Consiglio Diocesano per il Diaconato: resoconto e riflessioni

Il Consiglio diocesano per il Diaconato nella riunione del 5 maggio 2017 ha ripreso l’intervento del Pontefice sui diaconi permanenti in occasione della visita a Milano del 25 marzo u.s. soffermandosi poi sul resoconto del Rettore, relativamente all’incontro avuto con i decani delle sette zone pastorali della diocesi e su qualche prima indicazione in merito allo svolgimento del XXX° anniversario del ripristino del diaconato nella diocesi ambrosiana.

In apertura Msg. Delpini (Responsabile per il diaconato permanente) ha ricordato che il Consiglio episcopale milanese (CEM) il 26 aprile us. ha avuto modo di approfondire con il Rettore alcuni punti di interesse diocesano finalizzati alla promozione del ministero diaconale; il Vicario Generale ha precisato che non vi sono state conclusioni operative al termine di tale confronto ma ha tenuto a sottolineare la rilevanza del fatto che il CEM abbia messo a tema l’approfondimento di questo ministero e ne sia uscita dalla discussione un unanime apprezzamento di esso.
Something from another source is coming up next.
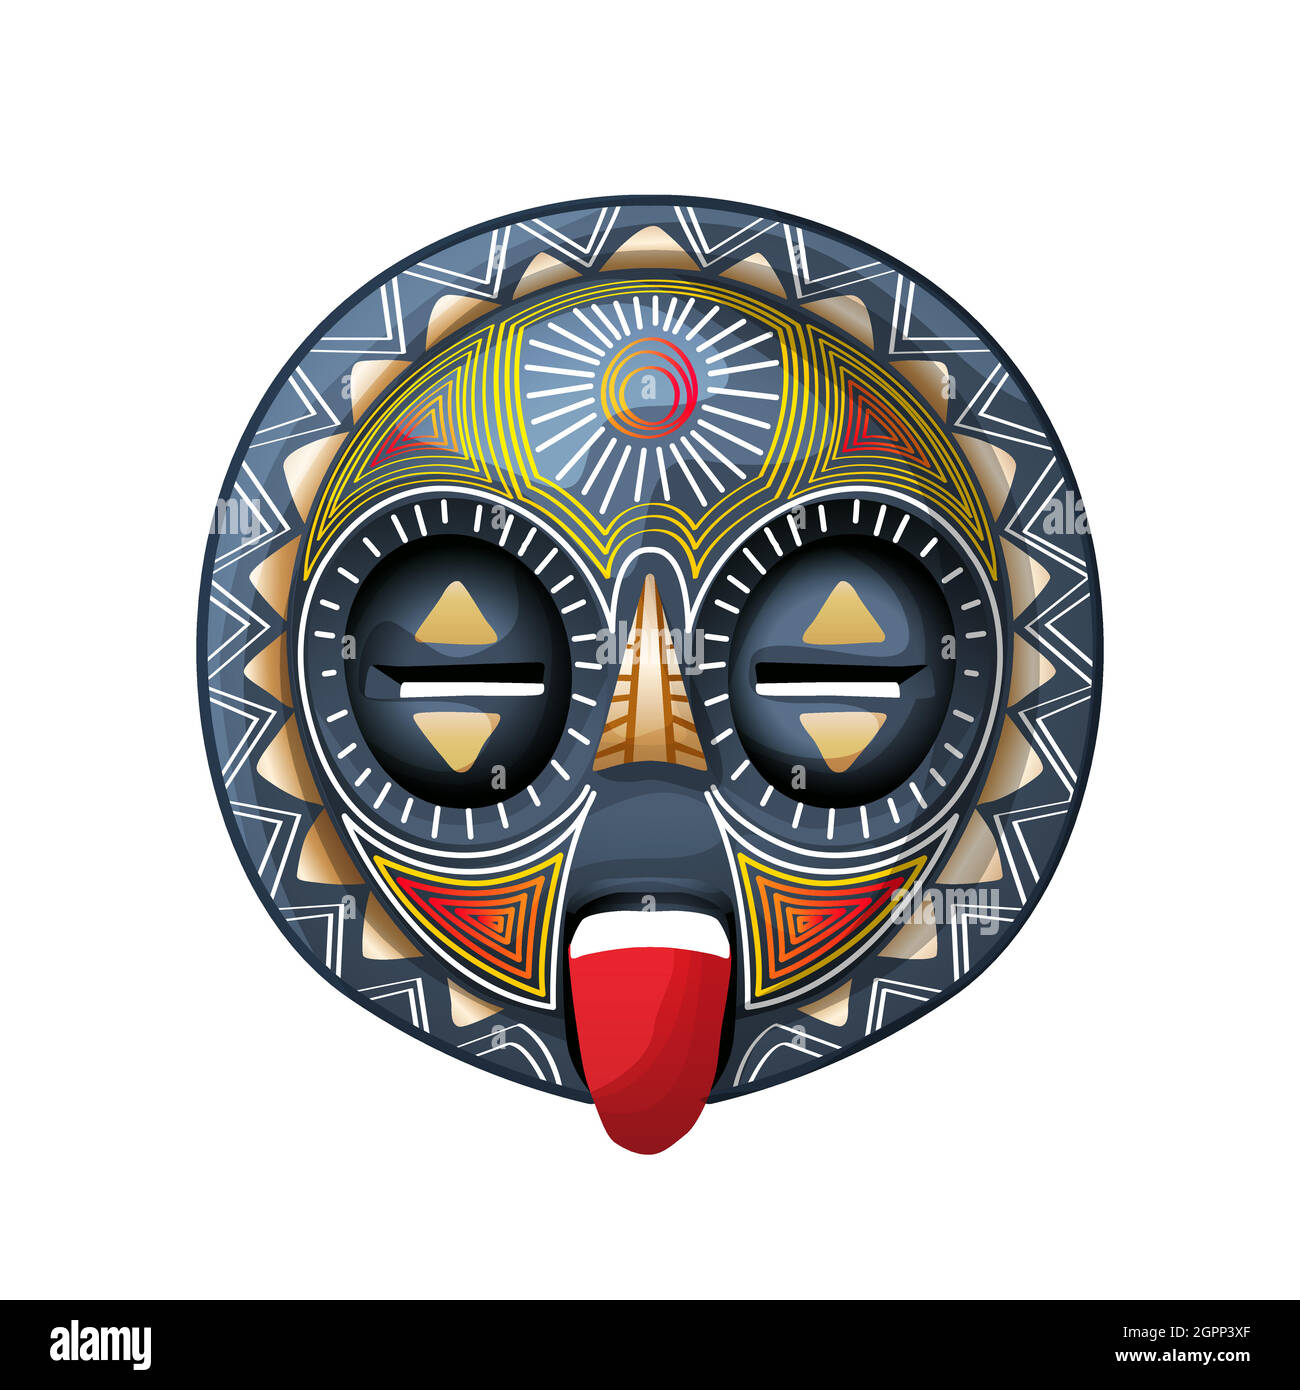 Masque tribal africain 1 Image Vectorielle Stock - Alamy

A tale proposito il Rettore ha tenuto a sottolineare come i membri del Consiglio si siano soffermati in particolar modo sulla “identità” del diacono costituita anzitutto dall’appartenenza al clero. Una identità pertanto con delle caratteristiche ben precise: ecclesiale (il diacono partecipa nel proprio grado al sacramento dell’Ordine), comunionale (in virtù della partecipazione al sacramento dell’Ordine il diacono serve la Chiesa in unione fraterna ai sacerdoti) e totalizzante (tutta la persona del ministro, anche pertanto l’ambito familiare e professionale, caratterizza la figura del diacono).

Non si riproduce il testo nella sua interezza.